RECORDS TO PROCESS below:

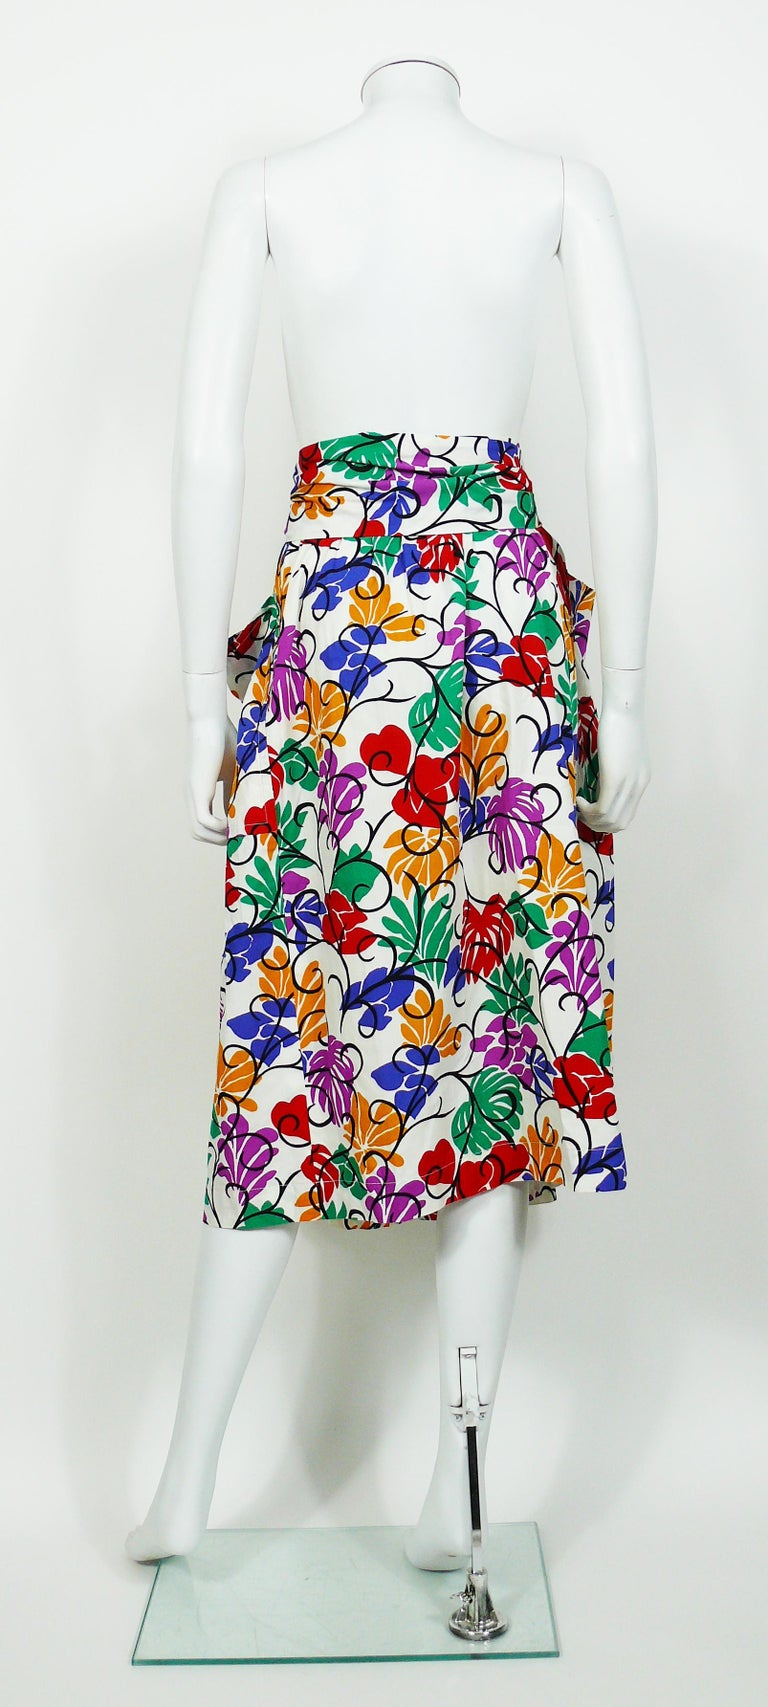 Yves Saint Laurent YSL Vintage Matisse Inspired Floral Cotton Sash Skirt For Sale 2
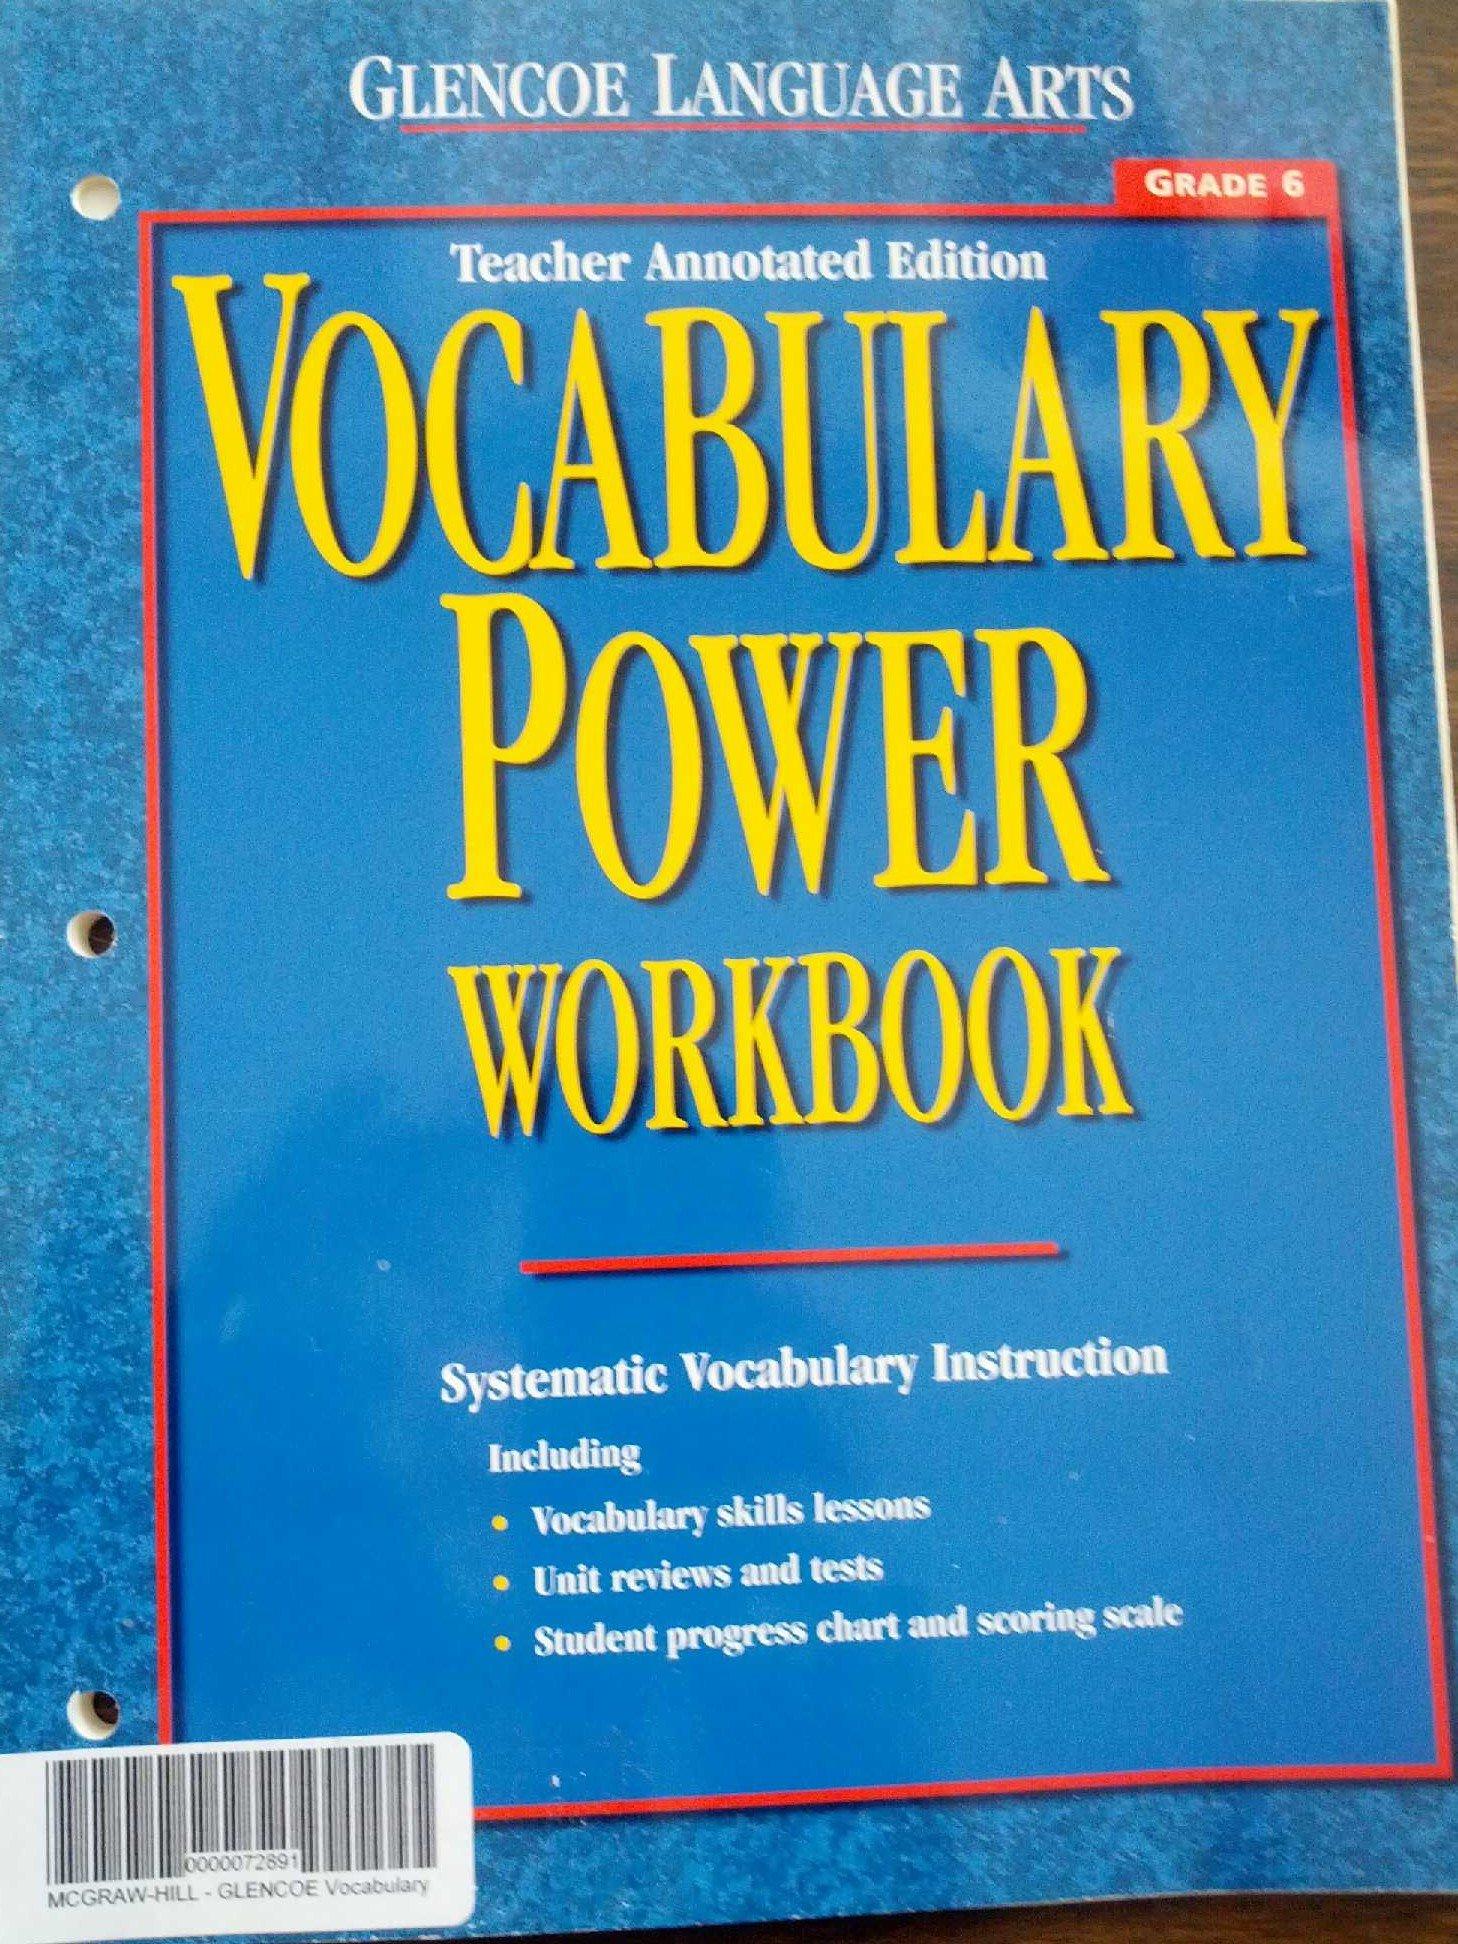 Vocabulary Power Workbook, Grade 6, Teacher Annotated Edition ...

End of RECORDS TO PROCESS.
RECORDS TO PROCESS below:

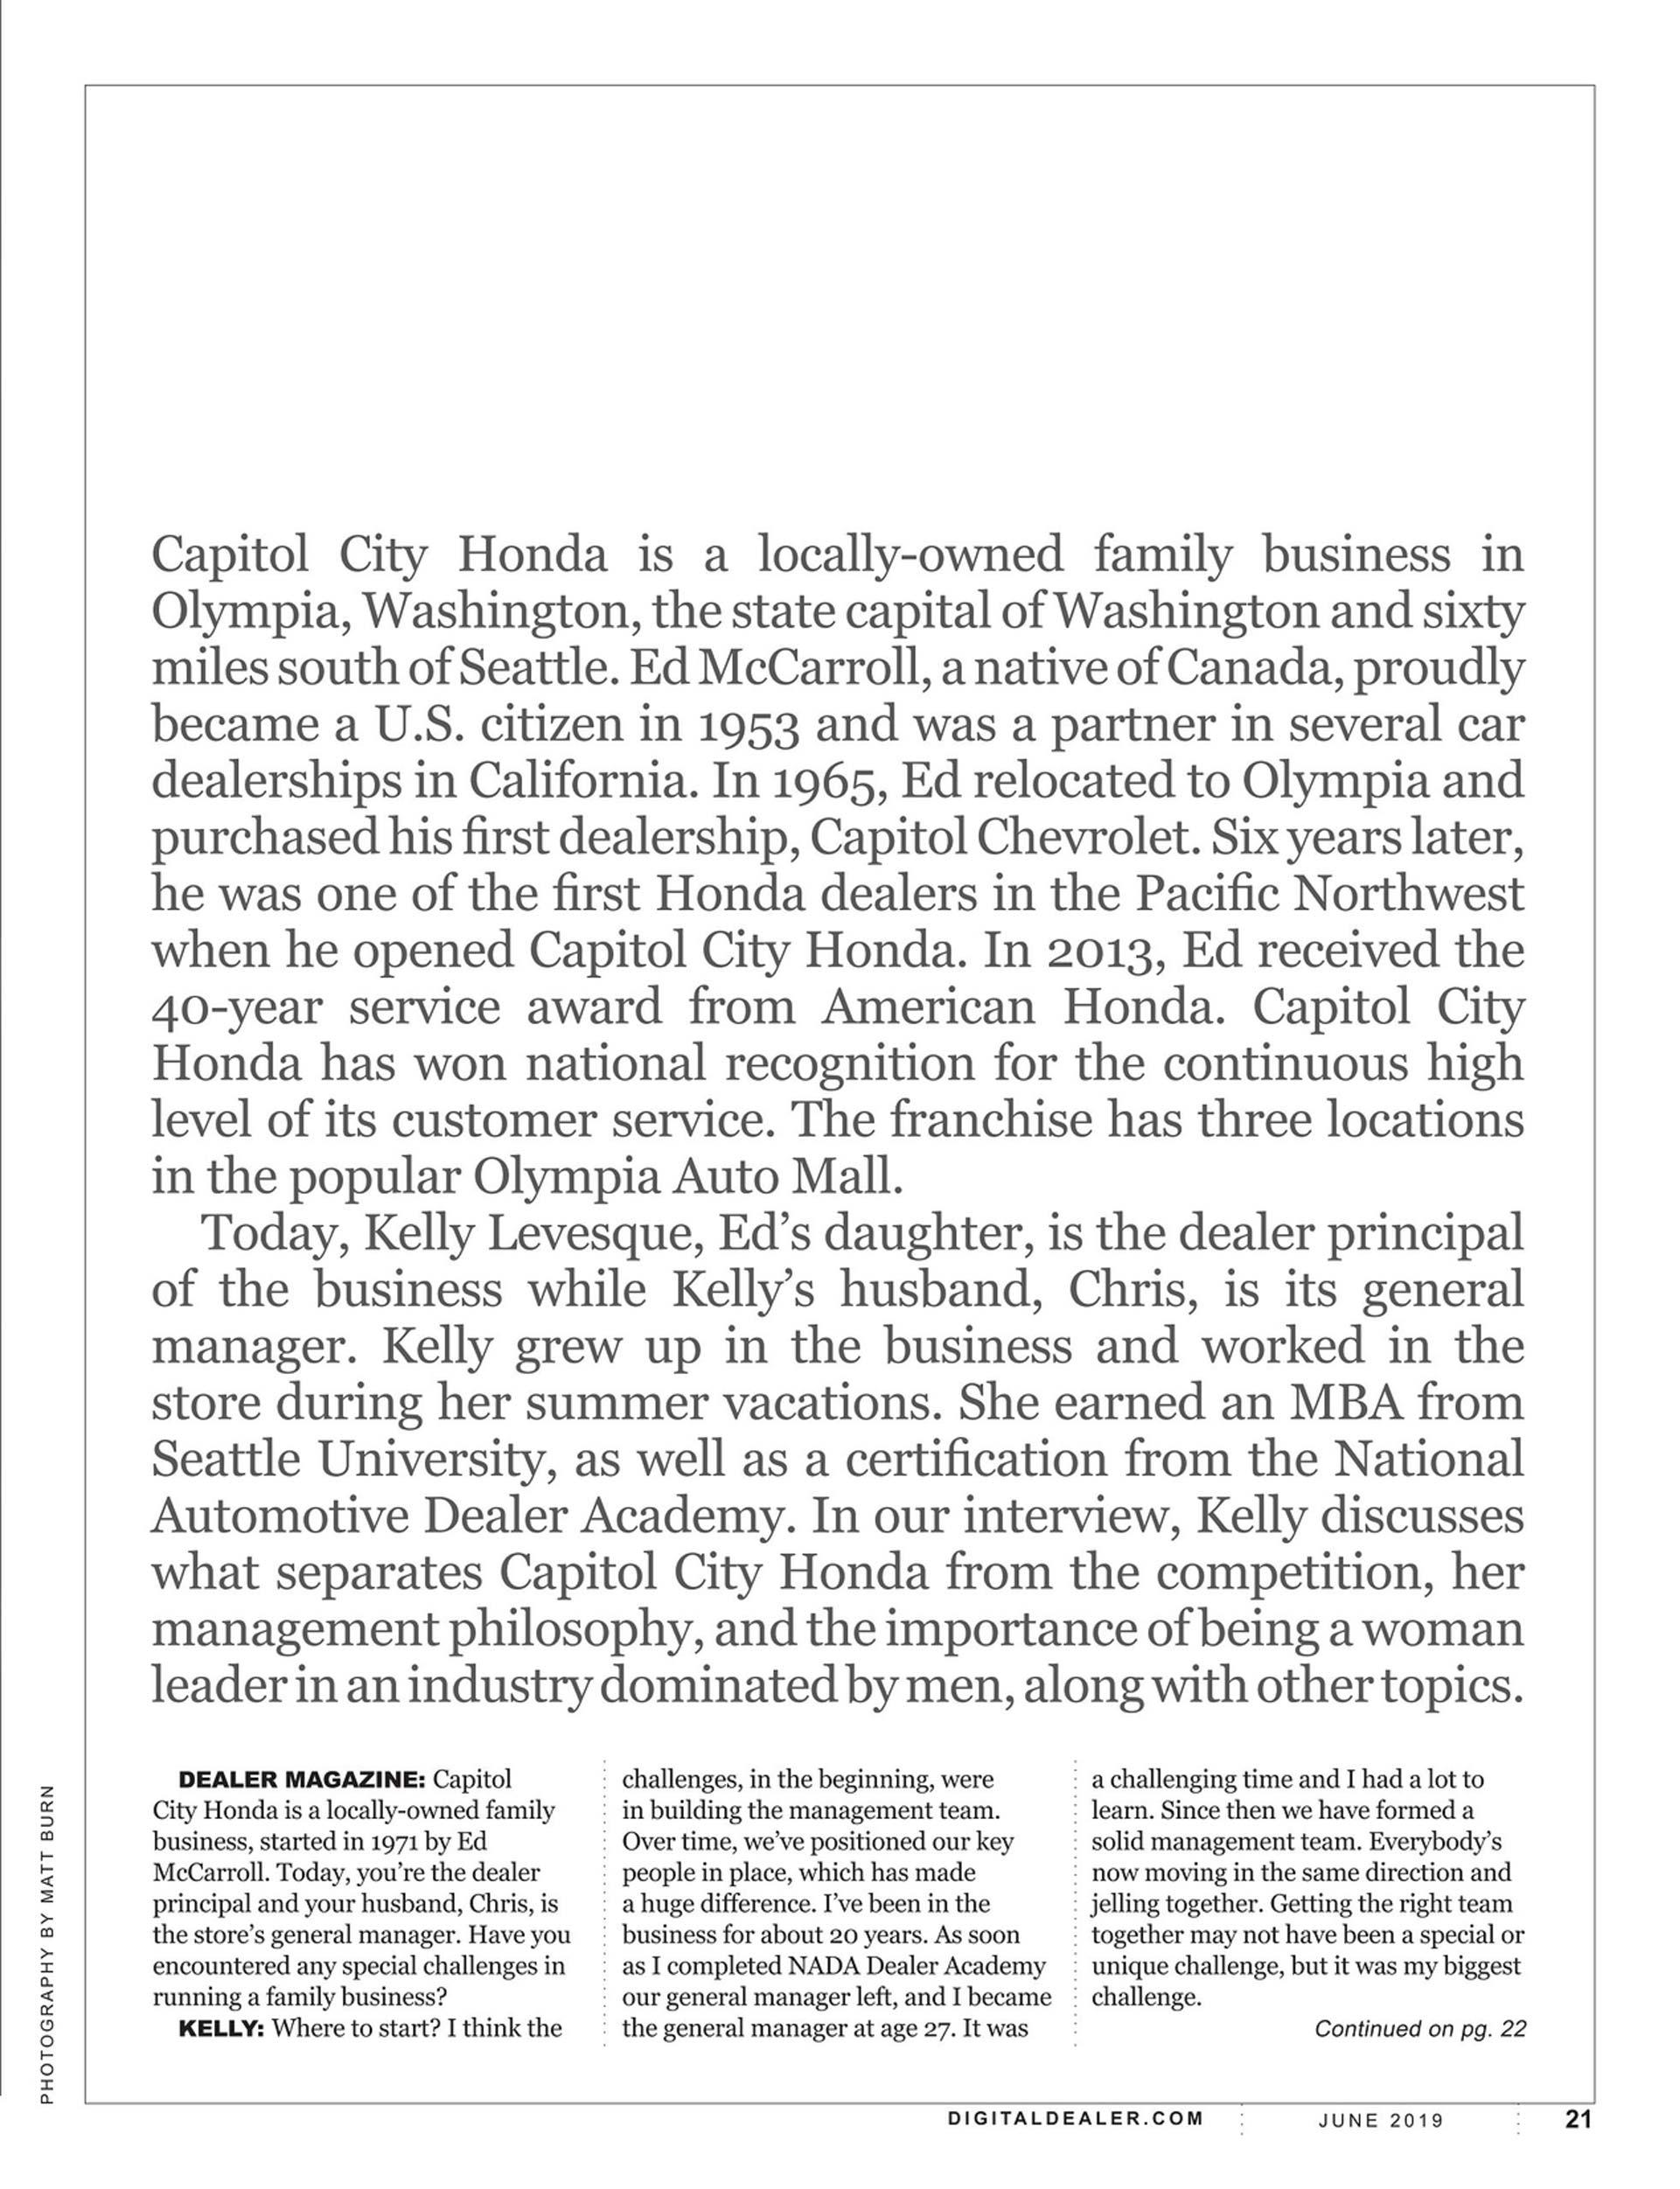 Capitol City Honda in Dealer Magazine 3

End of RECORDS TO PROCESS.
RECORDS TO PROCESS below:

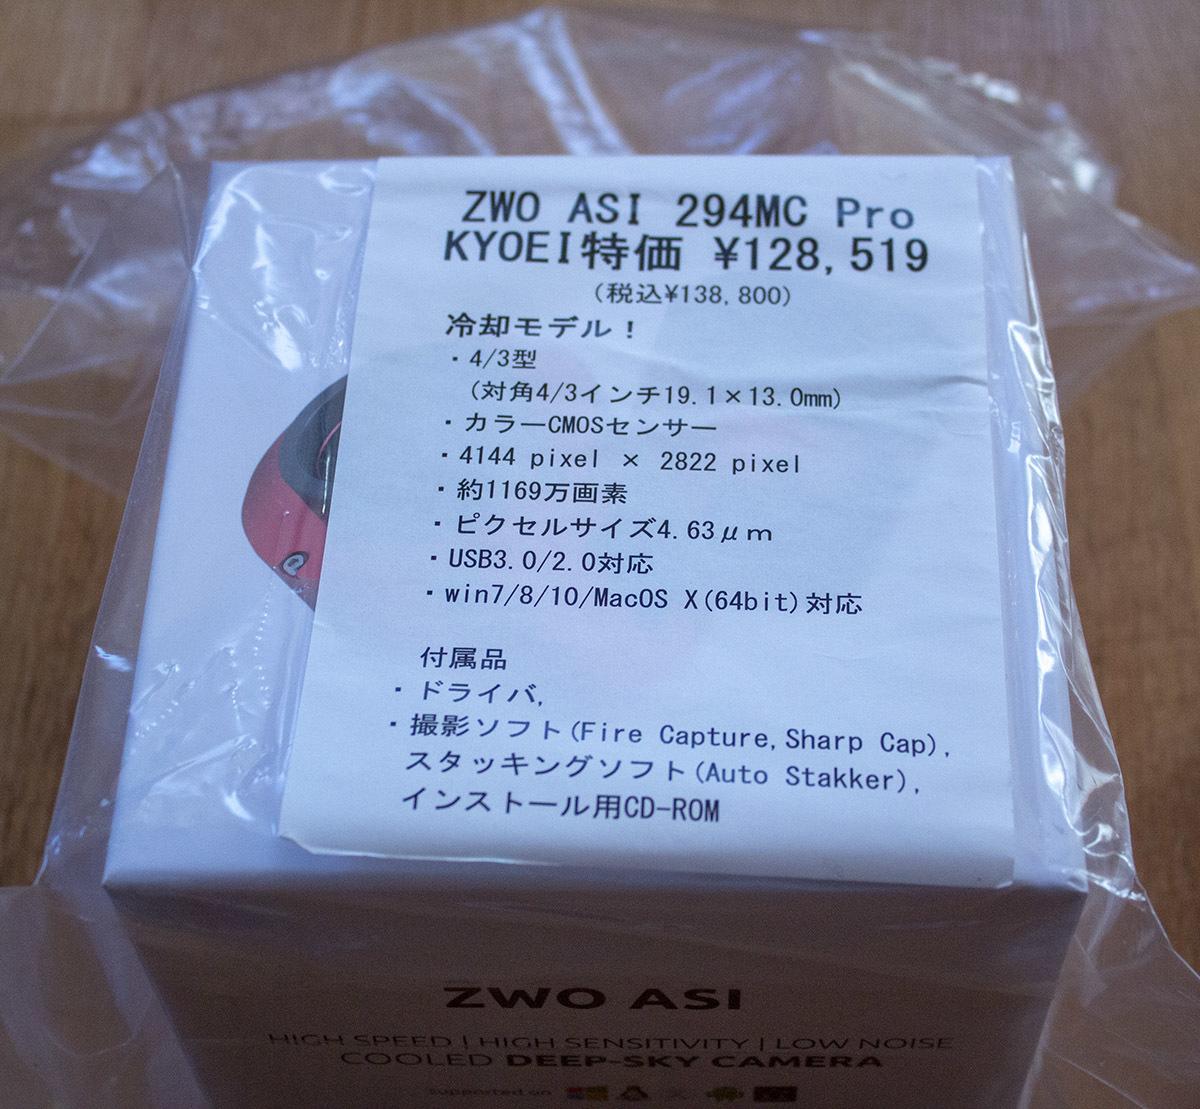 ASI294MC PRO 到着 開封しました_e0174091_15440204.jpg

End of RECORDS TO PROCESS.

• **TASK GOAL**
Every line above in the stretch from the one with "Yves Saint Laurent" through the one with "Vocabulary Power Workbook, Grade" is to be transcribed exactly, ends included. No picture is copied.

• **EXERCISE SOLUTION**
 Yves Saint Laurent YSL Vintage Matisse Inspired Floral Cotton Sash Skirt For Sale 2
 Vocabulary Power Workbook, Grade 6, Teacher Annotated Edition ...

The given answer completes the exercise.